Hello, my name is Justin Hall and I've been sharing my personal life in explicit detail online for over twenty years. Starting in 1994, my personal web site Justin's Links from the Underground has documented family secrets, romantic relationships, and my experiments with sex and drugs.
overshare: the links.net story is a documentary about fumbling to foster intimacy between strangers online. Through interviews, analysis and graphic animations, I share my motivations, my joys and my sorrows from pioneering personal sharing for the 21st century. In 2004 the New York Times referred to me as "perhaps the founding father of personal weblogging." I hope this documentary reveals that I was a privileged white male with access to technology who worked to invite as many people as possible to join him in co-creating an internet where we have a chance to honestly share of our humanity.
watch or download overshare
overshare: the links.net story the entire 40 minute film is available for free viewing and downloading online:
- 40 minutes film free over BitTorrent - thanks Archive.org
- 40 minutes film free on the Internet Archive
- 40 minutes film free on YouTube
- 40 minutes film free on Facebook
- 40 minutes film free on Vimeo
- 40 minutes film for sale on overshare.vhx.tv - your chance to spend money on an otherwise free film
overshare is also available in eight chapters between 2 and 10 minutes long:
- 8 chapters of overshare on YouTube: http://bit.ly/overshareYT
- 8 chapters of overshare on Facebook
- 8 chapters of overshare on dailymotion
overshare: the links.net story is for sale using a service called VHX. VHX supports streaming, rentals and DRM-free downloads so you can watch this film on your device, on your own time. VHX has been a fun way for me to offer a friendly storefront for my creative video work. I am biased though, I interviewed VHX CEO Jamie Wilkinson in October 2013; I find him and the other people associated with the company quite pleasant to associate with.
overshare screening
Some folks are showing overshare: the links.net story live! If possible, I try to join, sit mostly quietly through the screenings and then learn more about the audience afterwards. Here's overshare: the links.net story listing on FilmFreeway for programming in festivals.
overshare Coverage
Other folks have mentioned overshare after it was released; here's a few links:
- Justin Hall at Medium.com: overshare: the release strategy
- blog.vhx.tv: Blogging pioneer Justin Hall releases Overshare online, 14 September 2014
- Kase Wickman at MTV News: "One Of The First Webloggers Shares 6 Things He's Learned On The Internet", 25 August 2015
- NRC Handelsblad: "Filmen over schrijven over jezelf", 21 August 2015
- Scott Beale at LaughingSquid.com: "Overshare: The Links.net Story is a fascinating documentary", 18 August 2015
- Jim Leonard: "One of the most raw, heartfelt, and brutally honest looks looks at the birth of social blogging and the web", 17 August 2015
- Howard Rheingold: "historically important, often hilarious, autobiovideo", 14 August 2015
- Rob Capps: "Got sucked in and watched all of the Justin Hall doc. Terrific. Reminded me of lots of things I had forgotten.", 13 August 2015
- Chacha Sikes: "I highly, most highly, recommend this brand new documentary on early blogging and HTML. Thank you Justin Hall for this honest story!", 13 August 2015
- allgoodfound says "Visiting the documentary page is pure nostalgia...", 12 August 2015
- boingboing: "I love Justin, and I love how he wrote the web. This movie is amazing." - Cory Doctorow, 11 August 2015
- kottke.org: "Justin's Links from the Underground was one of the first sites I found and read regularly, back in the mid 90s."

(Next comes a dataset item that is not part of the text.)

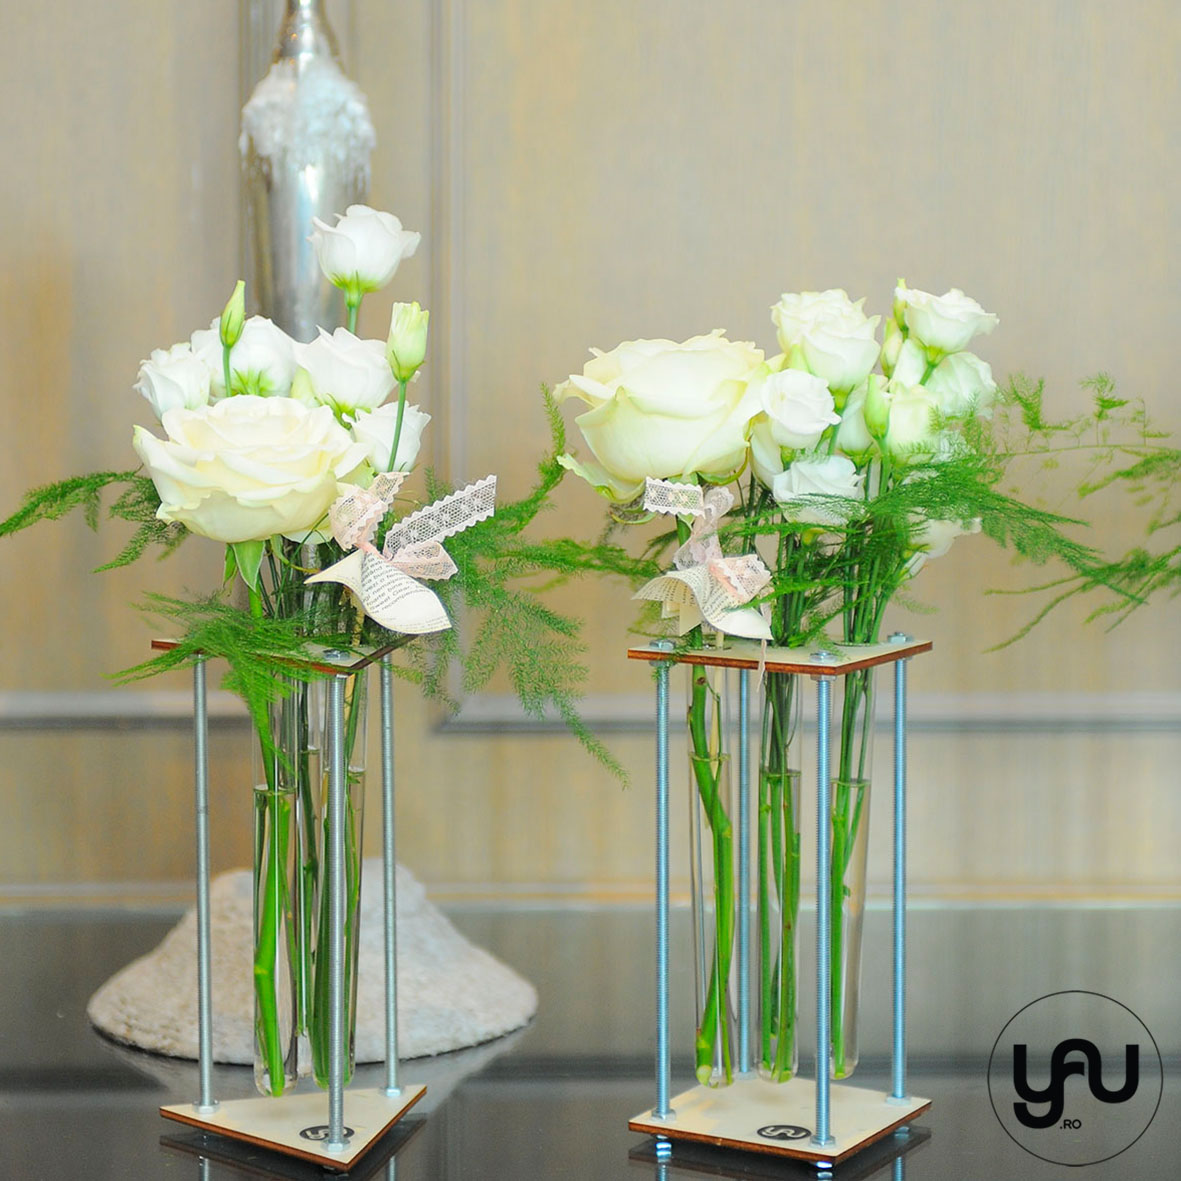 YaU events 2015 _ YaU Concept elena toader _ WHITE GEOMETRY _ BOTEZ LA CLUBUL DIPLOMATILOR (7)

- search for Twitter for justin hall overshare
support overshare
The movie is available for free, so paying for it is generous gesture. There's a "overshare: TMI edition" on VHX that has even more documentation of personal documentation: behind-the-scenes footage, outtakes and so forth. On VHX you can even pay above than the minimum cost of the film if you'd like to encourage this kind of conduct.
HTML Titles and Credits
I first started publishing here on "Justin's Links from the Underground" in January 1994, commencing a wild ride. In 2004 I celebrated 10 years with a writeup. In 2014 I started producing a short video to celebrate 20 years, and this is the result published in 2015 instead.
Using antique HTML, I created the titles and credits for the film that you can explore here.

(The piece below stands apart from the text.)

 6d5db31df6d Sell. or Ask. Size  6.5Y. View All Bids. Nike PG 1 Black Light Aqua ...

Creative Commons Attribution
overshare: the links.net story is released under a Creative Commons Attribution license. Probably the easiest place to download overshare from is the Internet Archive, though if you purchase either edition on VHX, you can download to your heart's content. If you own the overshare: TMI edition that means you can download even less polished media like old versions and outtakes.
Either way, the film is loose, out of my control now. People can download, modify, republish their own remixes. Let's see what happens! If anything - over hundreds of years stories that aren't copied or remixed tend to die.